Rates rise amid market turmoil
Mortgage rates rose during a week of turmoil in credit markets.
The benchmark 30-year fixed-rate mortgage rose 18 basis points, to 5.96 percent, according to the Bankrate.com national survey of large lenders. A basis point is one-hundredth of 1 percentage point. The mortgages in this week's survey had an average total of 0.37 discount and origination points.
One year ago, the mortgage index was 6.32 percent; four weeks ago, it was 5.75 percent.
The benchmark 15-year fixed-rate mortgage rose 15 basis points, to 5.46 percent. The benchmark 5/1 adjustable-rate mortgage fell 1 basis point, to 5.5 percent.
Yields on long-term bonds rose this week, especially after investor Warren Buffett offered to reinsure $800 billion worth of municipal bonds. His action made municipal bonds look safer, and that prompted a flight out of U.S. Treasuries and mortgage-backed securities, causing bond yields -- and ultimately, mortgage rates -- to rise.
Conforming limit varies
Two big pieces of news hit the mortgage industry in the past week. First, Congress passed an economic stimulus plan that raised the maximum loan sizes for some conforming and Federal Housing Administration-insured mortgages.
The new conforming limit will vary by metropolitan area, depending on median house prices.
In some places, the conforming limit will remain $417,000. In the priciest areas, such as San Francisco, it will be $729,750. In other places, the new limit will be somewhere in between. A similar formula will apply to limits on FHA-insured mortgages.
Michael Moskowitz, president of Equity Now, a mortgage bank in New York City, is dubious about whether the higher limits are good policy. "It's going to prolong the meandering of (house) values, as opposed to them adjusting" downward, he says. House prices "were pushed up way beyond where they should have been," he says.

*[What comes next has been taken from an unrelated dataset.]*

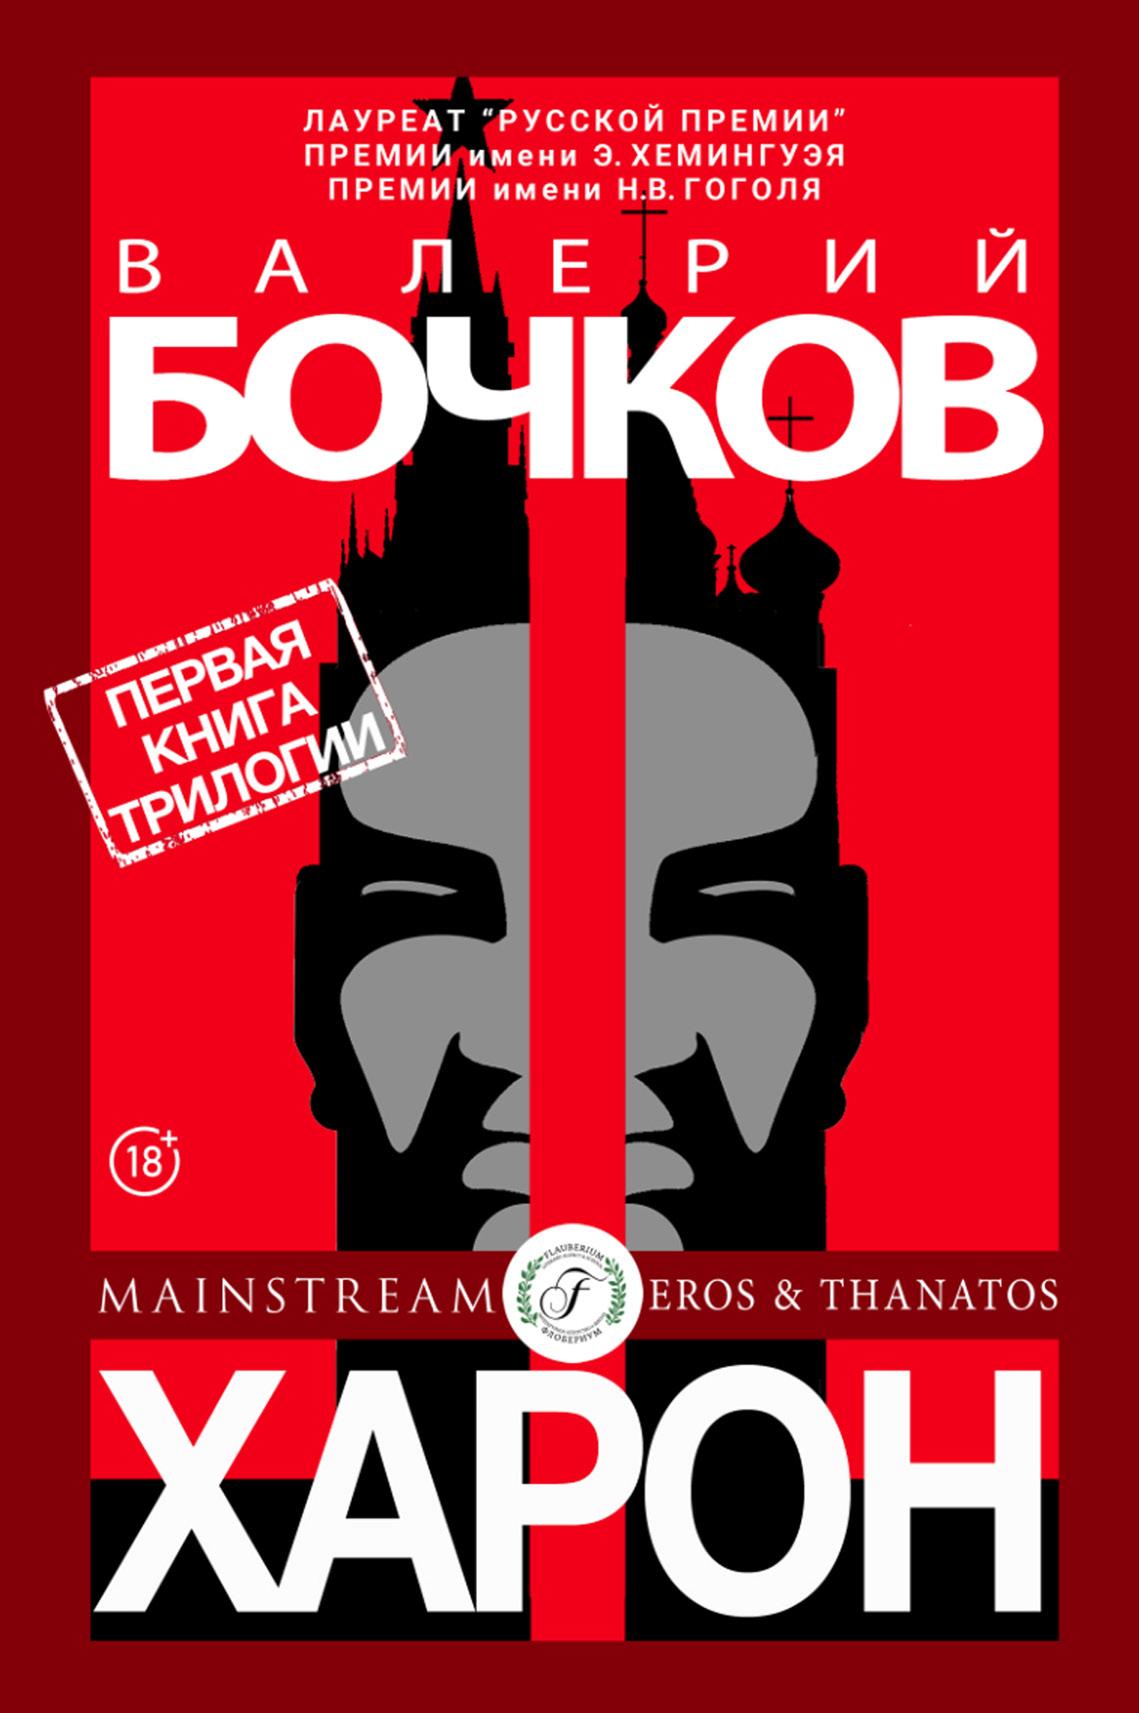 Валерий Бочков Харон erich krause угольник clear 60 градусов 225 мм

The higher loan limits will prolong the sluggish housing market by delaying the inevitable reduction in prices, Moskowitz says.

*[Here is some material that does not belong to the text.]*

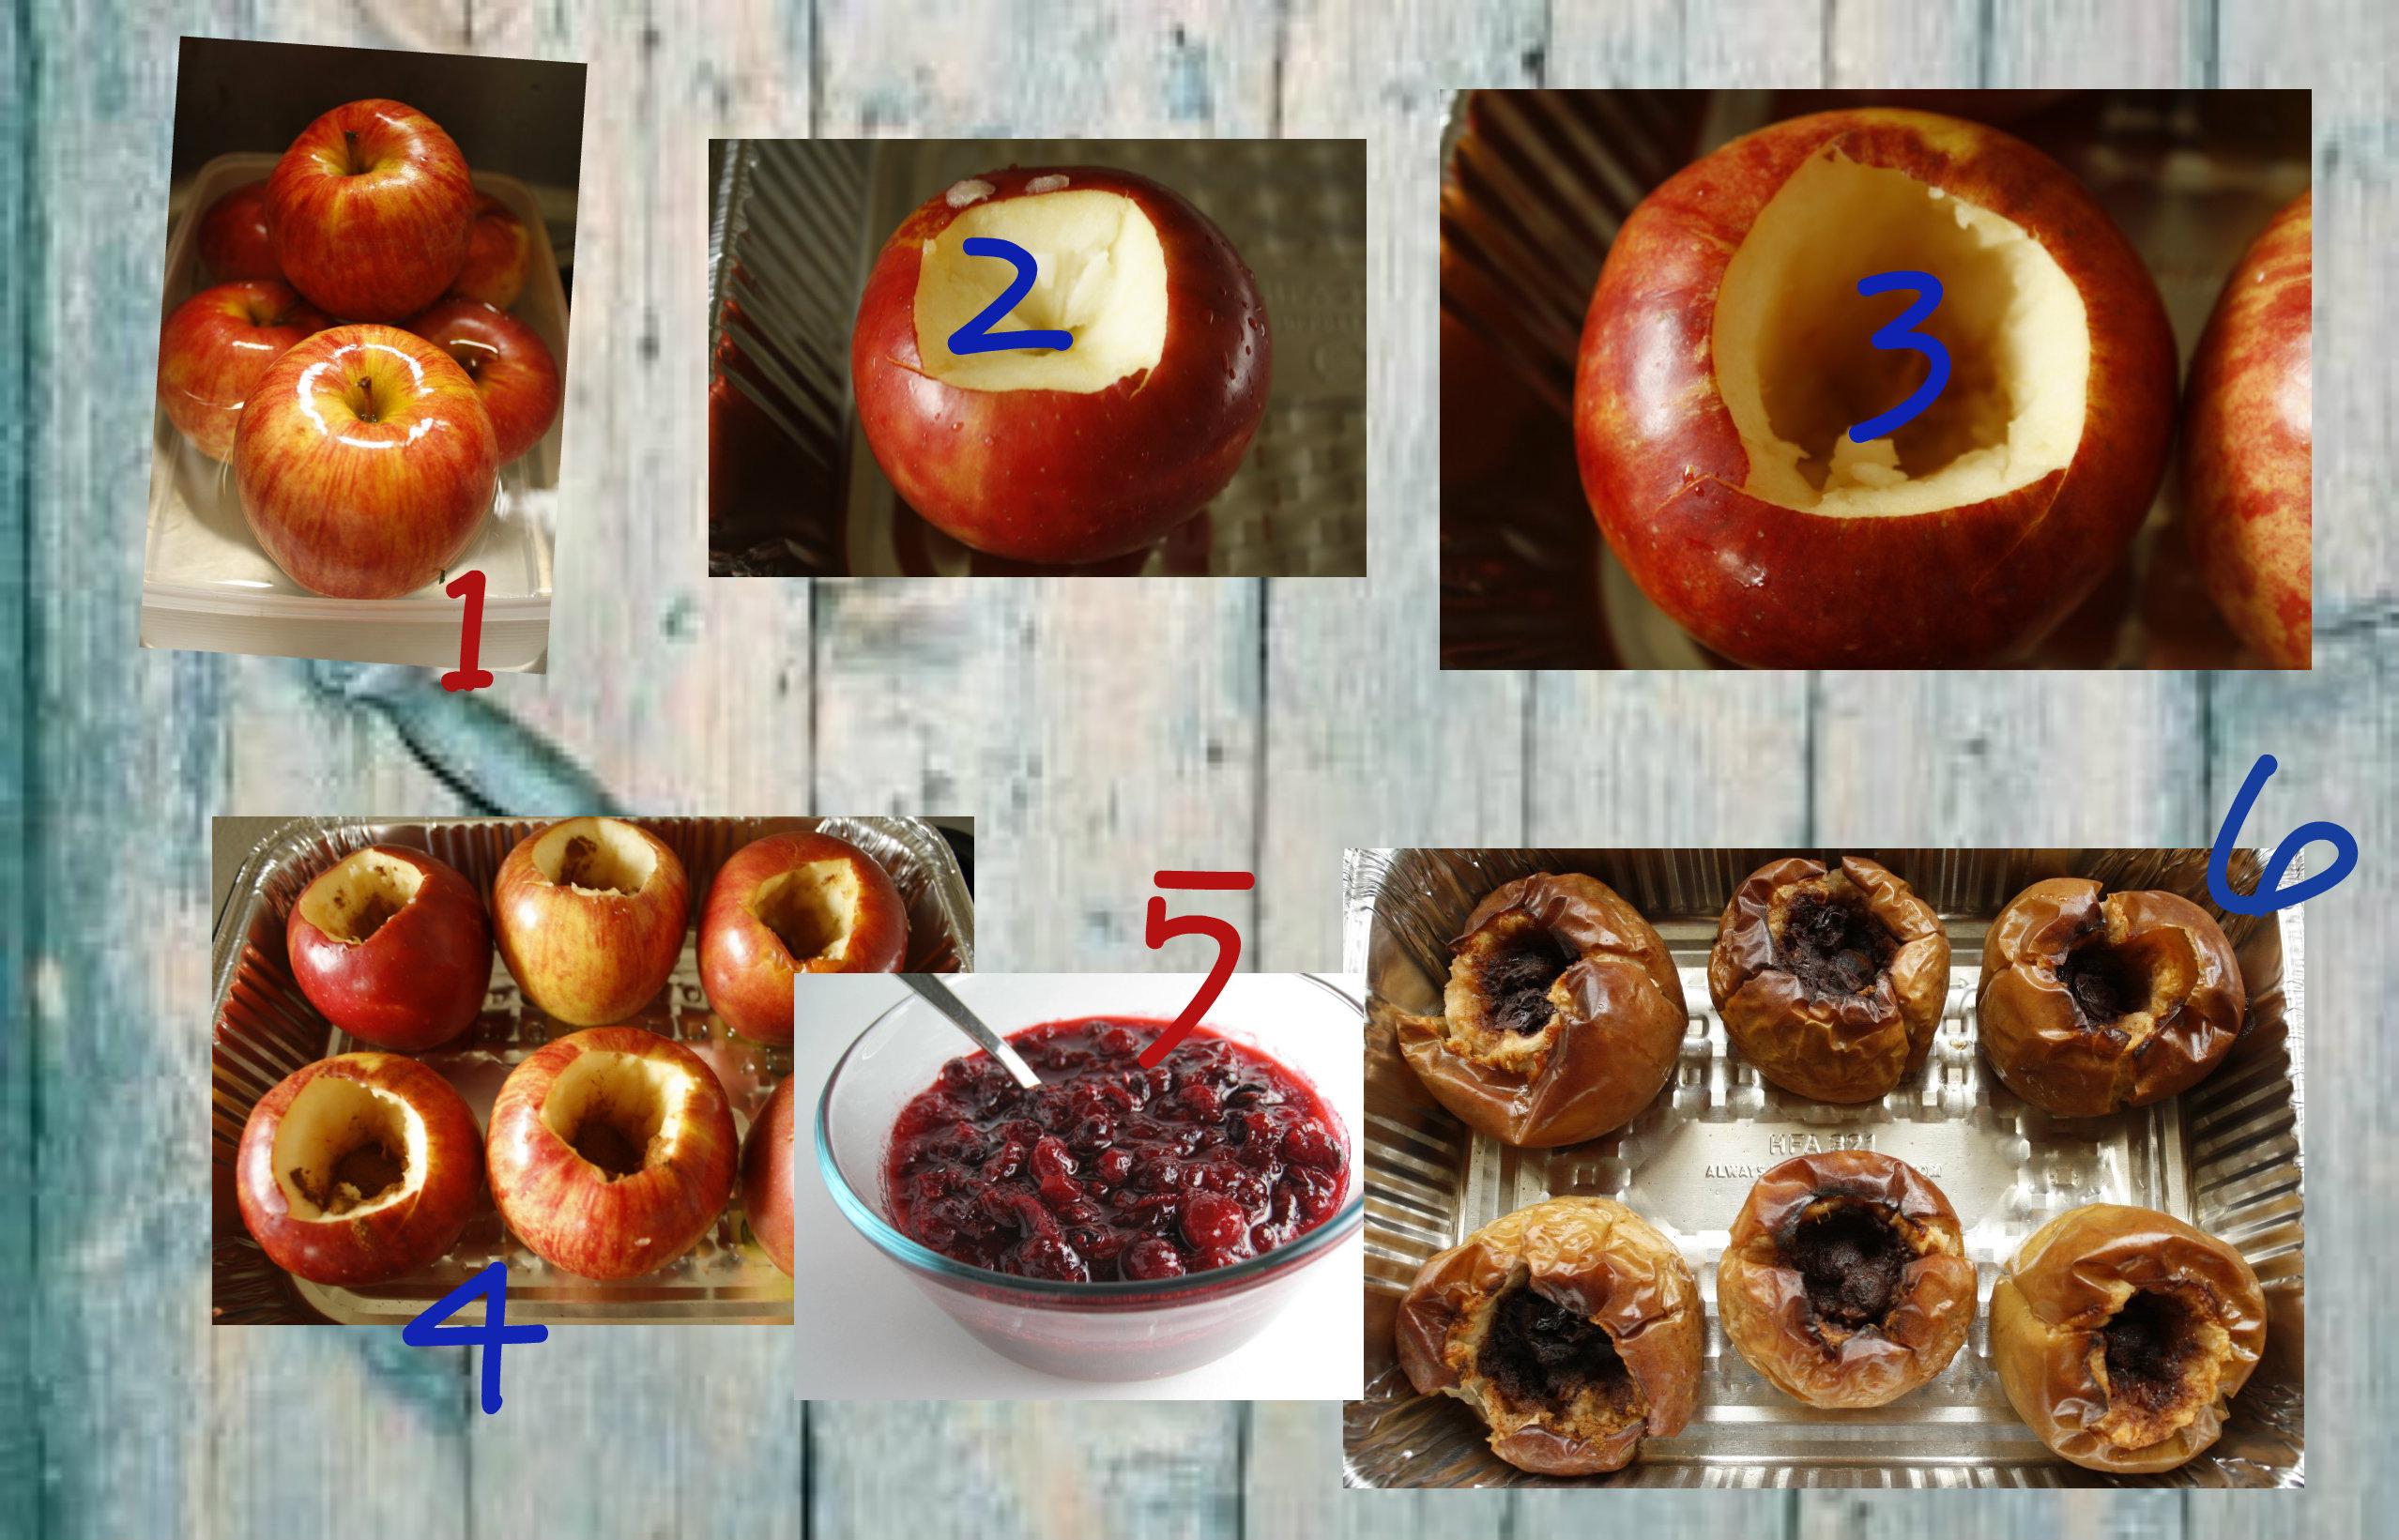 tło-tło Pieczone jabłka - Pyszna przekąska dla osób na diecie

A lifeline for foreclosures
This week, the federal government and the six largest mortgage servicing companies got together to announce the formation of something called Project Lifeline, a letter-writing campaign to get severely delinquent borrowers to call their mortgage companies and try to work out deals to prevent foreclosures.
The effort won't be a panacea, acknowledges Henry Paulson, secretary of the Treasury. Plenty of foreclosures are coming down the pike. "In terms of subprime and resets, the worst isn't over; the worst is just beginning," Paulson says.
"We all know that. There's close to 1.8 million, 2 million adjustable-rate mortgages where the rate is going to be reset, and the ones that are going to be reset over the next couple of years are that vintage of mortgages where there were the most lax underwriting procedures."
The higher conforming and FHA loan limits are designed to help homeowners in high-priced areas refinance out of troublesome ARMs and into safer fixed-rate mortgages. There's no guarantee that it will work.